Final answer:
The correct reagent for a transformation involving HOCH2CH2OH and the donation of hydride ions is Lithium Aluminum Hydride (LiAlH4). LiAlH4 is a strong reducing agent that can provide the necessary H- for the reduction, followed by an acid to donate a proton to the oxygen to complete the alcohol formation.
Step-by-step explanation:
The question pertains to the selection of the appropriate reagent for a chemical transformation involving HOCH2CH2OH in the presence of hydrogen, designated as (HOCH2CH2OH / H). Given the potential reagents listed, the correct answer is d) Lithium Aluminum Hydride (LiAlH4). Lithium aluminum hydride is a strong reducing agent that is capable of donating hydride ions (H-) to perform reductions, such as turning a carbonyl compound into an alcohol. In this context, 'H' symbolizes a hydride ion, not elemental hydrogen. The donated H- would react in the first step, and then acid is added in a second step to donate a proton to the oxygen. This stepwise process is essential for proper reduction to occur.

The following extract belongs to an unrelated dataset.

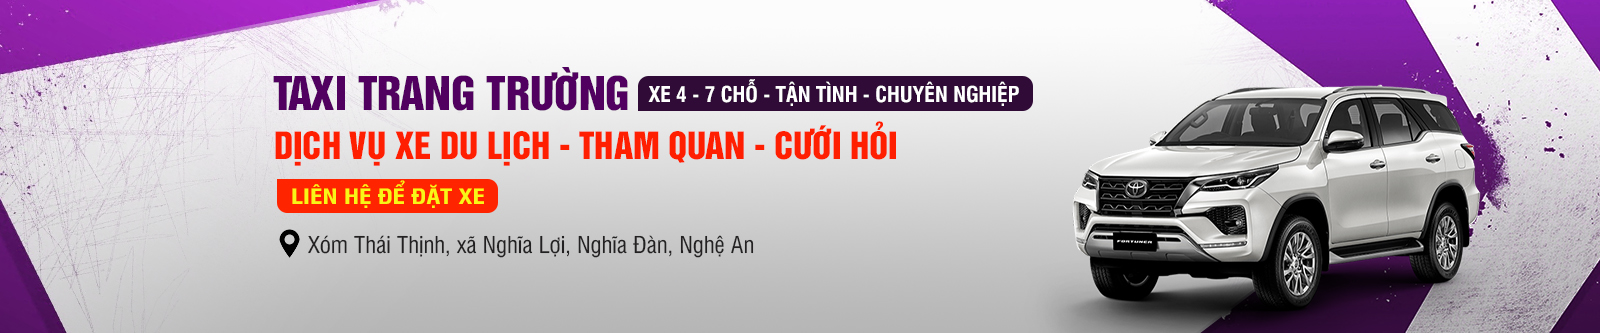 Dịch vụ taxi Trang Trường tuyến Nghệ An - Hà Nội

Reagent a) Sodium Borohydride (NaBH4) is a milder reducing agent compared to lithium aluminum hydride and may not be strong enough for some reductions. Reagent b) Hydrochloric Acid (HCl) is not a reducing agent but rather an acid, which provides H+ ions. Reagent c) Diethyl Ether is typically used as a solvent and does not donate hydride ions. Therefore, the most appropriate reagent for the transformation would be Lithium Aluminum Hydride (LiAlH4), which donates hydride ions effectively and allows the subsequent protonation with an acid to yield the desired alcohol.